Back on the Lake Stage, Australian psych-rockers Jagwar Ma seem designed for hazy, sweltering afternoons like this. Their set is punchy and swathed in woozy harmonies that do nothing to dispel the idea of the band acting as a missing link between Sgt Pepper-era Beatles and Madchester bands like the Stone Roses. While the band may not quite have a full enough repertoire to pull in a sizeable crowd, there’s hope that they may not simply be a bunch of revivalists looking for a new idea.

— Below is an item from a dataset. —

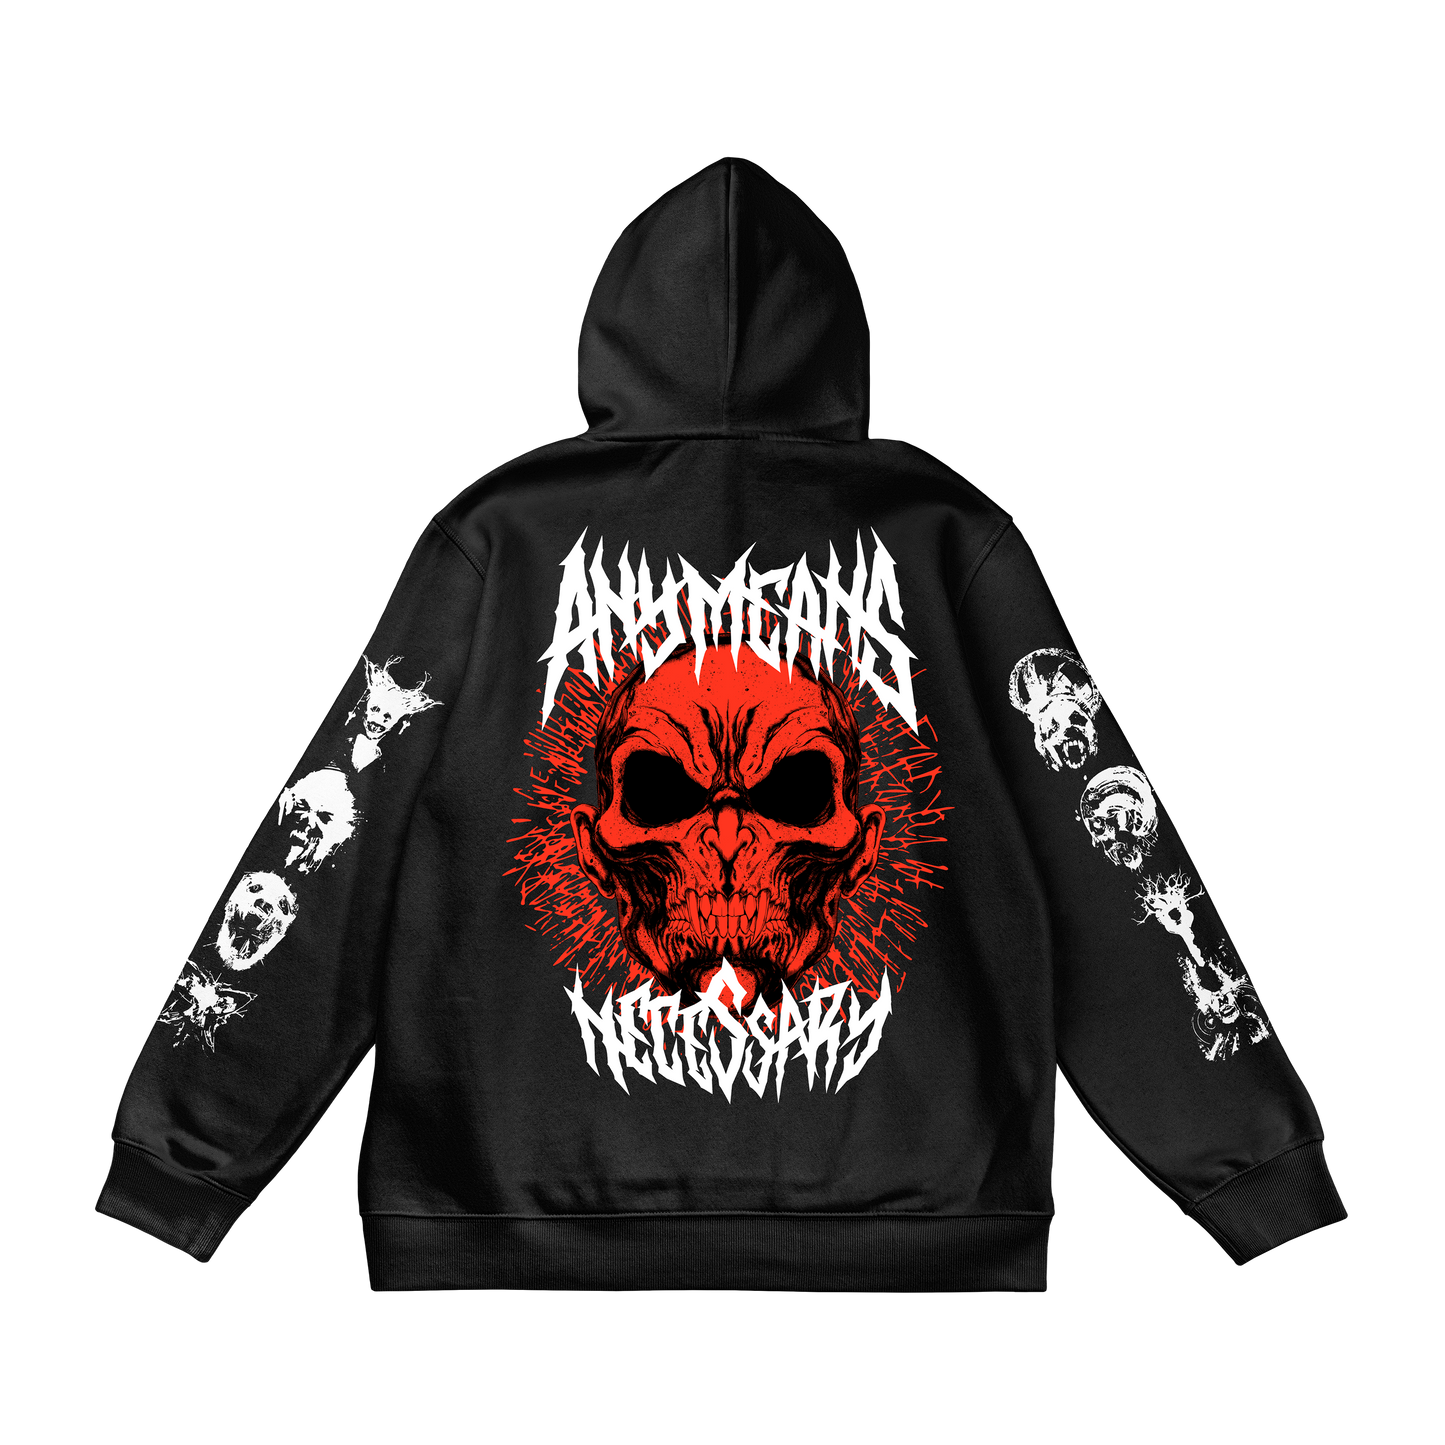 any means necessary shawn coss red fall game xbox microsoft bethesda studios vampire god pullover hoodie black BACK

Talking of new ideas, here’s Karen O’s wardrobe. While Kraftwerk and, slightly more bafflingly, Hot Chip may be billed above them, the Yeah Yeah Yeahs attract the crowd and garner the reaction which suggests they are going to be the standout set for many. It takes a bit of time to get going, but from Cheated Hearts onwards, it’s a freaky, fizzy, fabulous feast. A brilliant closing salvo of Y Control and the clattering art-punk rampage of Pin and Date With The Night is delivered with such enthusiasm it makes you feel as if they’ve never done it before.

It’s to the detriment of Mark Lanegan that he clashes with both the Yeah Yeah Yeahs and Hot Chip, but that doesn’t stop America’s gruffest growl putting in a gutsy performance. At his best when he’s channelling Tom Waits over sparse blues backing, the crowd do lose some interest towards the end of the set.

Away from the bleeping iciness of the main arena, Alt-J are treated as homecoming heroes, making the leap from low-down the bill last year to second stage headliners today. This represents their stratospheric year in a microcosm – the tent jammed to the rafters with an adoring crowd singing every word back at the band, and every song treated like an old friend. It’s a wonderful, defining moment for a band that will be last on at hundreds of festivals in the future.

Closing the Obelisk arena Kraftwerk bang out the hits. If by bang you mean smoothly assemble a set of all of their best known material, shove it together with the much vaunted 3D effects and dispatch a set with no mess, no fuss and a great deal of enjoyment.

All while displaying more congenial on-stage chemistry than Bloc Party did the previous night. It contains what you might expect. A fantastic Radioactivity, a effortless meander through Autobahn and perfect recreations of Tour de France and Trans Europe Express. And yes, with the glasses on, the visuals did work. It did look like stuff was flying straight at you.

It was an efficient performance, efficiently received.